To use Anthropic, just change the model name:

curl http://localhost:8080/v1/chat/completions \
  -H "Content-Type: application/json" \
  -d '{
    "model": "claude-sonnet-4-20250514",
    "messages": [{"role": "user", "content": "Hello!"}]
  }'

The request format is the same. Crabllm translates it to the Anthropic Messages API internally.

Streaming

Add "stream": true to get SSE streaming:

curl http://localhost:8080/v1/chat/completions \
  -H "Content-Type: application/json" \
  -d '{
    "model": "gpt-4o",
    "messages": [{"role": "user", "content": "Hello!"}],
    "stream": true
  }'

Model Aliasing

Map friendly names to canonical model names:

[aliases]
gpt4 = "gpt-4o"
claude = "claude-sonnet-4-20250514"

Now "model": "gpt4" routes to gpt-4o.

Next Steps

Configuration — full reference for all config options
Providers — setup guides for each provider
Features — routing, auth, extensions, and more

Configuration

Crabllm is configured via a TOML file, passed with --config:

crabllm --config crabllm.toml

The --bind flag overrides the listen address.

Environment Variables

Strings containing ${VAR} are expanded from environment variables at startup. Unknown variables expand to empty string. Use this for secrets:

api_key = "${OPENAI_API_KEY}"

Top-Level Fields

Field	Type	Default	Description
`listen`	string	required	Address to bind, e.g. `"0.0.0.0:8080"`
`shutdown_timeout`	integer	`30`	Graceful shutdown timeout in seconds

Providers

Each provider is a named entry under [providers]:

[providers.my_openai]
kind = "openai"
api_key = "${OPENAI_API_KEY}"
models = ["gpt-4o", "gpt-4o-mini"]

Field	Type	Default	Description
`kind`	string	required	Provider type (see Providers)
`api_key`	string	`""`	API key for authentication
`base_url`	string	per-kind	Base URL override
`models`	list	`[]`	Model names this provider serves
`weight`	integer	`1`	Routing weight for load balancing
`max_retries`	integer	`2`	Max retries on transient errors
`timeout`	integer	`30`	Per-request timeout in seconds
`api_version`	string	—	API version (Azure only)
`region`	string	—	AWS region (Bedrock only)
`access_key`	string	—	AWS access key (Bedrock only)
`secret_key`	string	—	AWS secret key (Bedrock only)

Virtual Keys

[[keys]]
name = "team-a"
key = "sk-team-a-secret"
models = ["gpt-4o", "claude-sonnet-4-20250514"]

[[keys]]
name = "admin"
key = "sk-admin-secret"
models = ["*"]

Field	Type	Description
`name`	string	Human-readable key name (used in usage tracking)
`key`	string	The bearer token clients send
`models`	list	Allowed models. `["*"]` means all

When no keys are configured, authentication is disabled.

Aliases

[aliases]
gpt4 = "gpt-4o"
claude = "claude-sonnet-4-20250514"

Maps friendly model names to canonical names.
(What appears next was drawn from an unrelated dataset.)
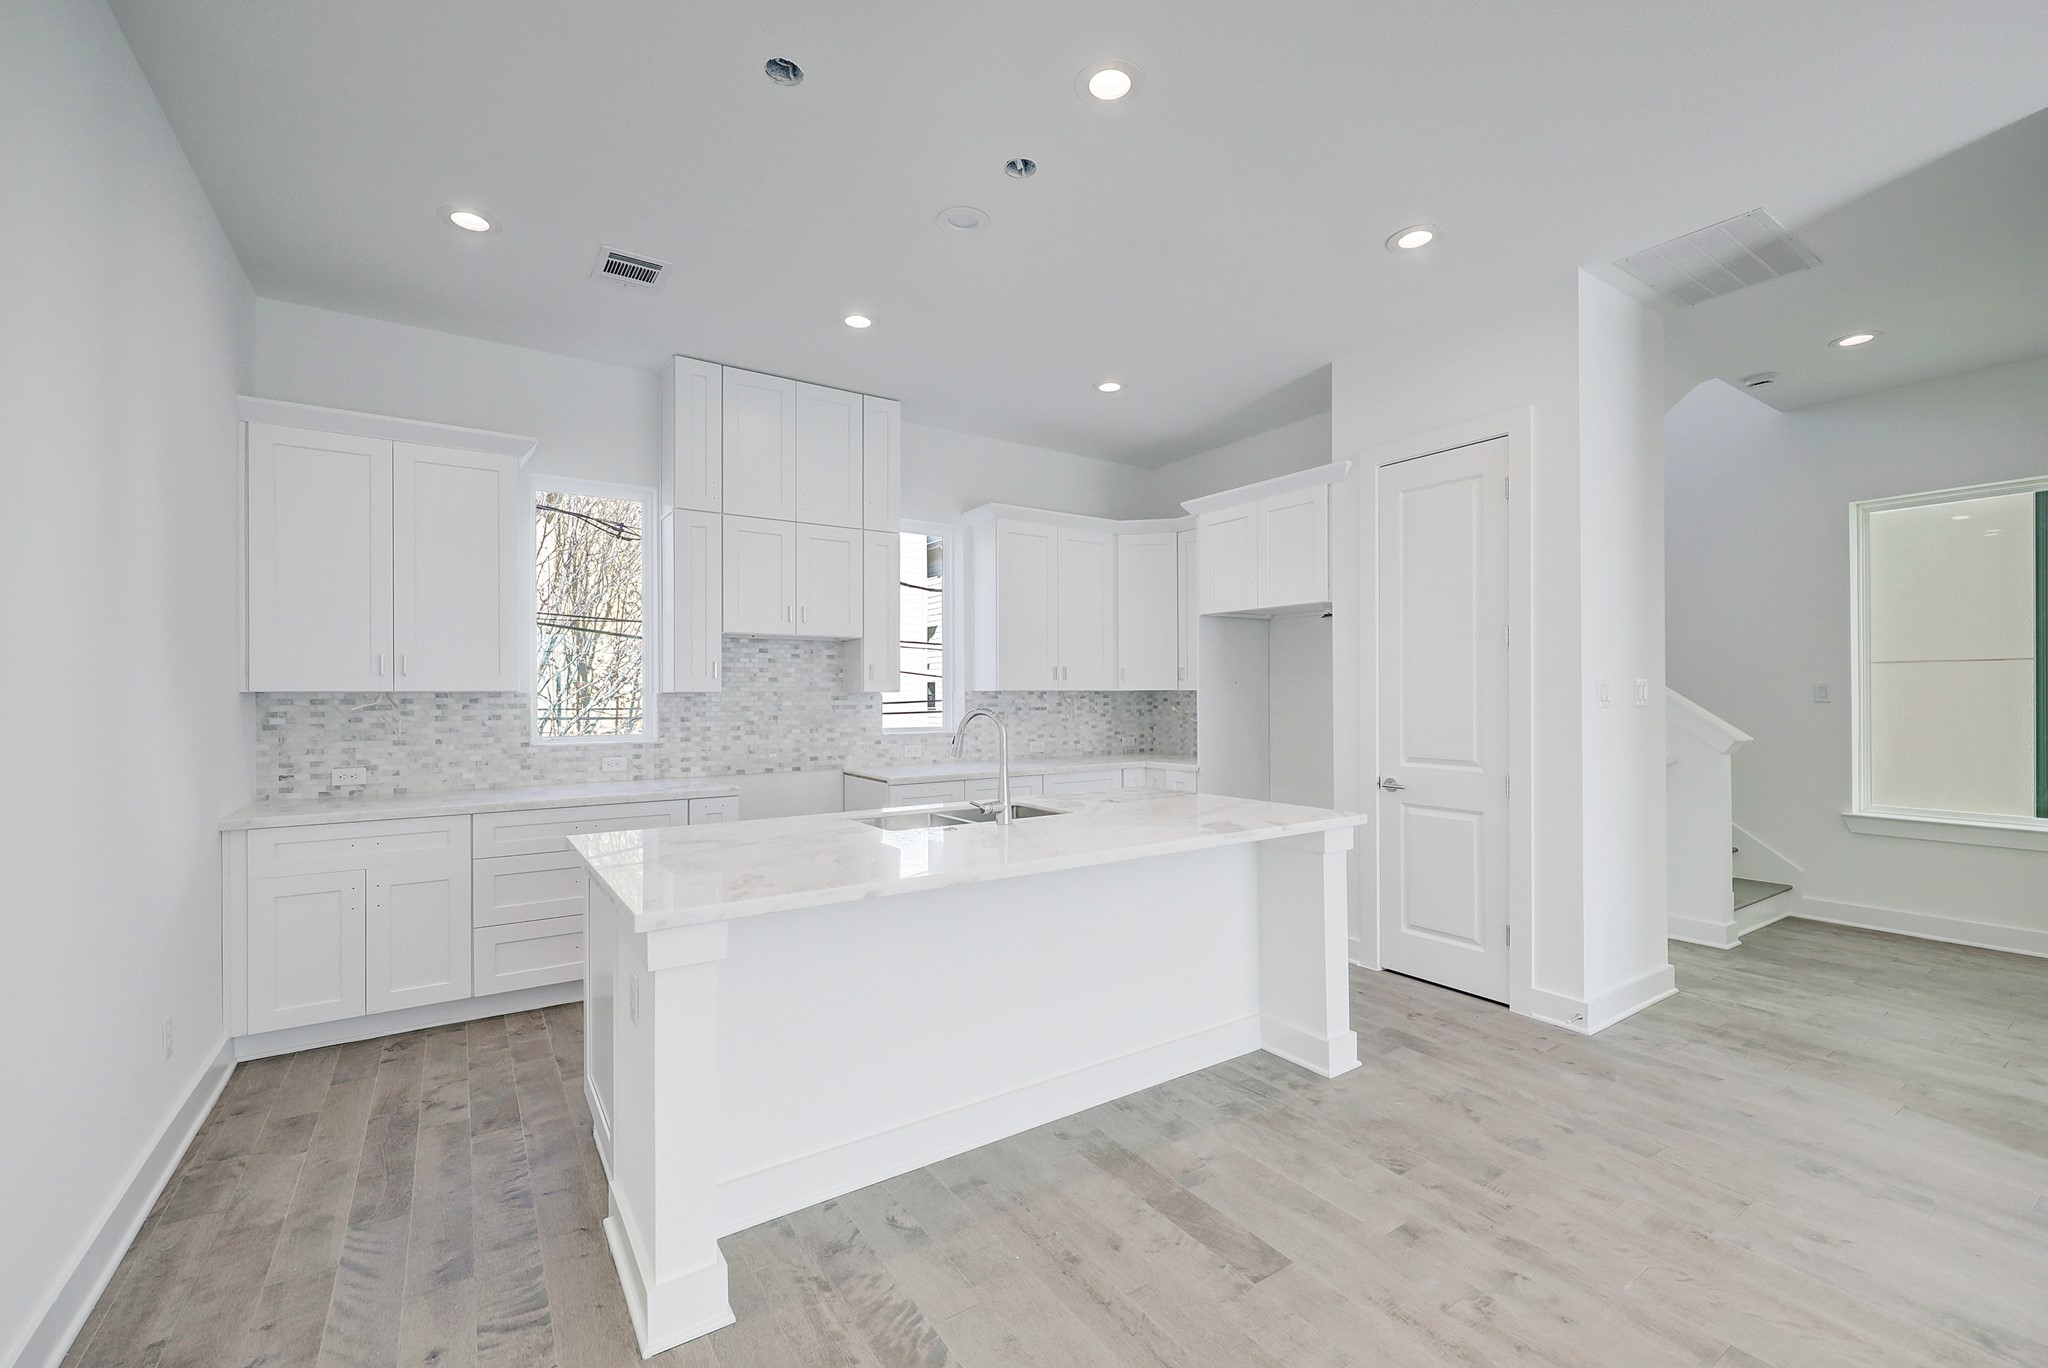 Kitchen with Cabinets to the Ceiling * Recessed Lighting.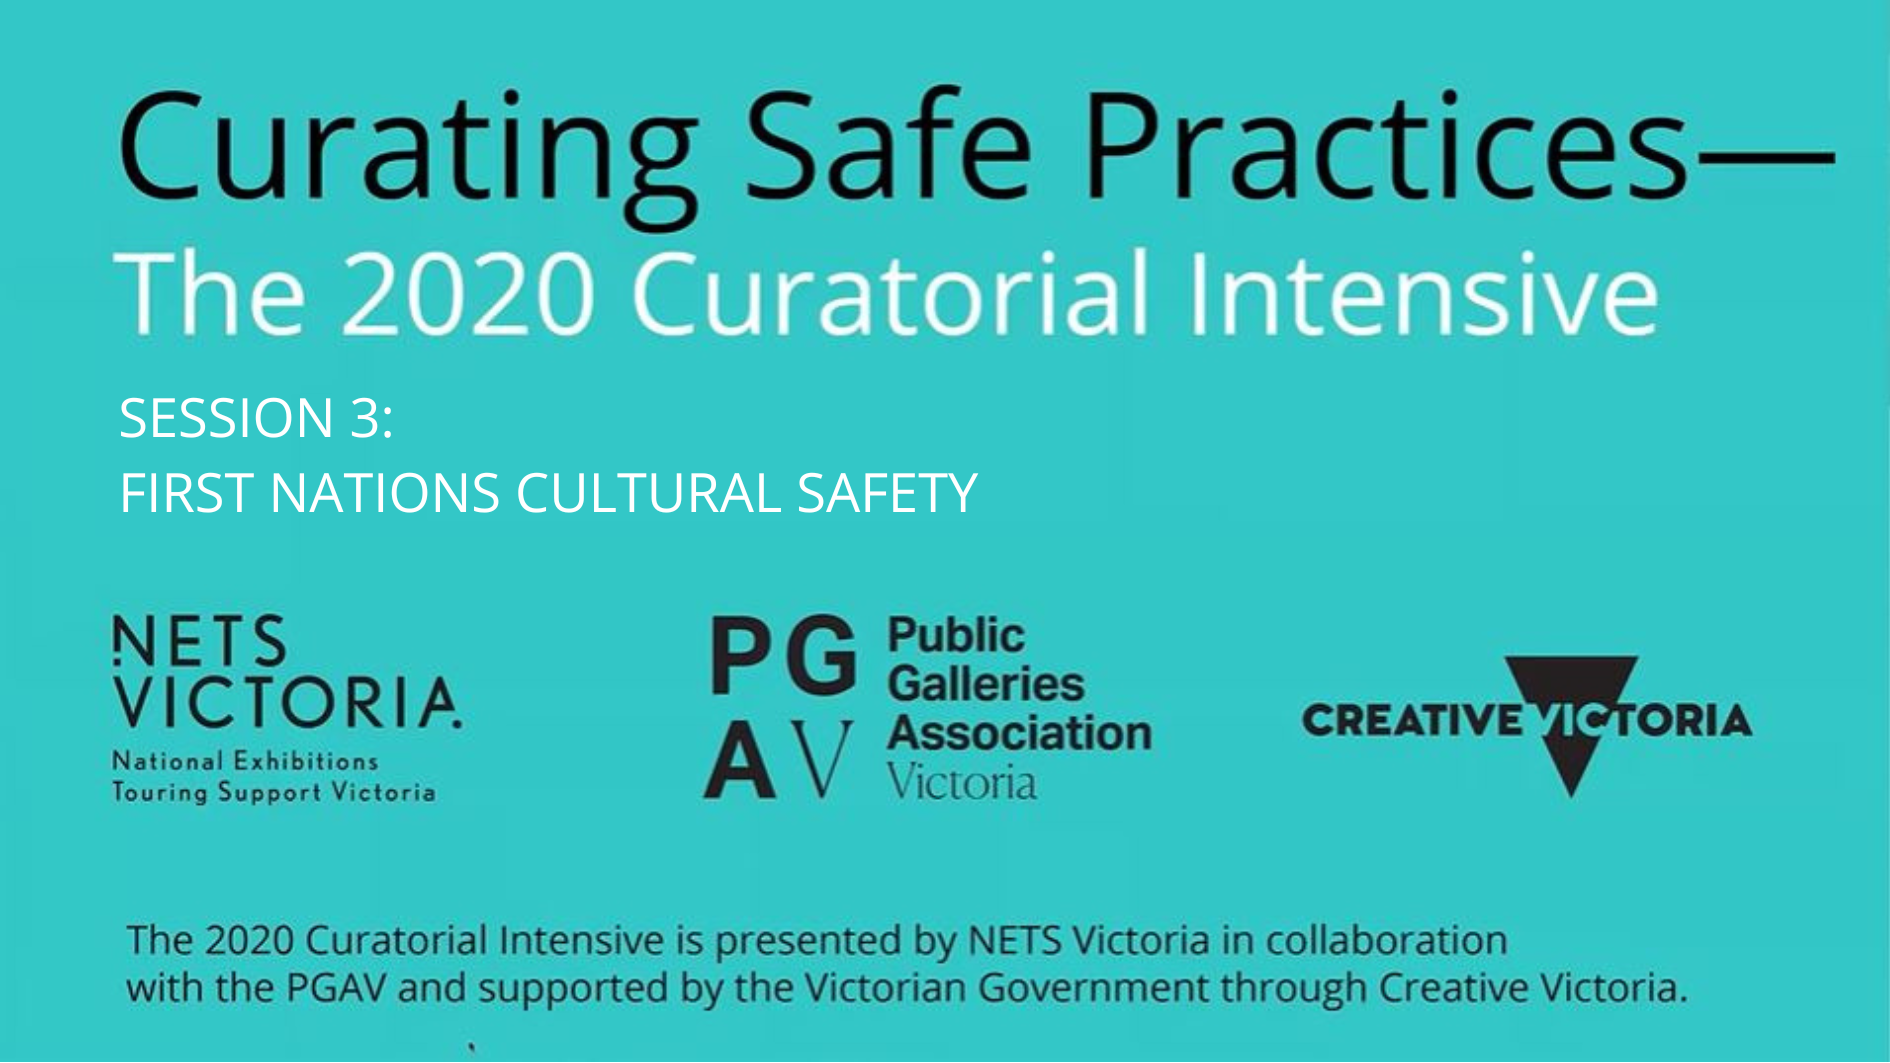 EVENT 2020 CURATORIAL INTENSIVE - SESSION 3

Single-hop lookup.

Pricing

[pricing.gpt-4o]
prompt_cost_per_million = 2.50
completion_cost_per_million = 10.00

[pricing.claude-sonnet-4-20250514]
prompt_cost_per_million = 3.00
completion_cost_per_million = 15.00

Per-model token pricing in USD. Used by the budget extension for spend tracking.

Extensions

[extensions.cache]
ttl = 3600

[extensions.rate_limit]
rpm = 60

[extensions.usage]

[extensions.budget]
default_limit = 10000000

[extensions.logging]
level = "info"

See Extensions for details on each.

Storage

[storage]
kind = "memory"

Kind	Feature flag	`path` field
`memory`	none (default)	not used
`sqlite`	`storage-sqlite`	file path, e.g. `"crabllm.db"`
`redis`	`storage-redis`	URL, e.g. `"redis://127.0.0.1:6379"`

See Storage for details.

Full Example

listen = "0.0.0.0:8080"
shutdown_timeout = 30

[providers.openai]
kind = "openai"
api_key = "${OPENAI_API_KEY}"
models = ["gpt-4o", "gpt-4o-mini"]
weight = 2
max_retries = 2
timeout = 30

[providers.anthropic]
kind = "anthropic"
api_key = "${ANTHROPIC_API_KEY}"
models = ["claude-sonnet-4-20250514"]

[providers.ollama]
kind = "ollama"
models = ["llama3.2"]

[aliases]
gpt4 = "gpt-4o"
claude = "claude-sonnet-4-20250514"

[[keys]]
name = "default"
key = "${CRABTALK_API_KEY}"
models = ["*"]

[pricing.gpt-4o]
prompt_cost_per_million = 2.50
completion_cost_per_million = 10.00

[extensions.rate_limit]
rpm = 100

[extensions.usage]

[extensions.logging]
level = "info"

[storage]
kind = "sqlite"
path = "crabllm.db"

Providers

A provider is an LLM service that crabllm routes requests to. Each provider has its own API format and authentication mechanism. Crabllm translates between the OpenAI-compatible format your application uses and the provider’s native format.

Supported Providers

Kind	Provider	Translation
`openai`	OpenAI, Groq, Together, vLLM, any OpenAI-compatible API	Pass-through
`anthropic`	Anthropic Messages API	Full translation
`google`	Google Gemini	Full translation
`azure`	Azure OpenAI	URL + auth rewrite
`bedrock`	AWS Bedrock Converse API	Full translation + SigV4 signing
`ollama`	Ollama (local models)	Pass-through (OpenAI-compatible)

Common Fields

Every provider supports these fields:

[providers.name]
kind = "..."           # required
api_key = "..."        # API key (supports ${ENV_VAR})
base_url = "..."       # base URL override
models = ["..."]       # model names this provider serves
weight = 1             # routing weight (higher = more traffic)
max_retries = 2        # retries on transient errors (429, 5xx)
timeout = 30           # per-request timeout in seconds

Multiple Providers for the Same Model

When multiple providers list the same model, crabllm selects between them using weighted random selection. If the selected provider fails, it falls back to the next provider by weight. See Routing.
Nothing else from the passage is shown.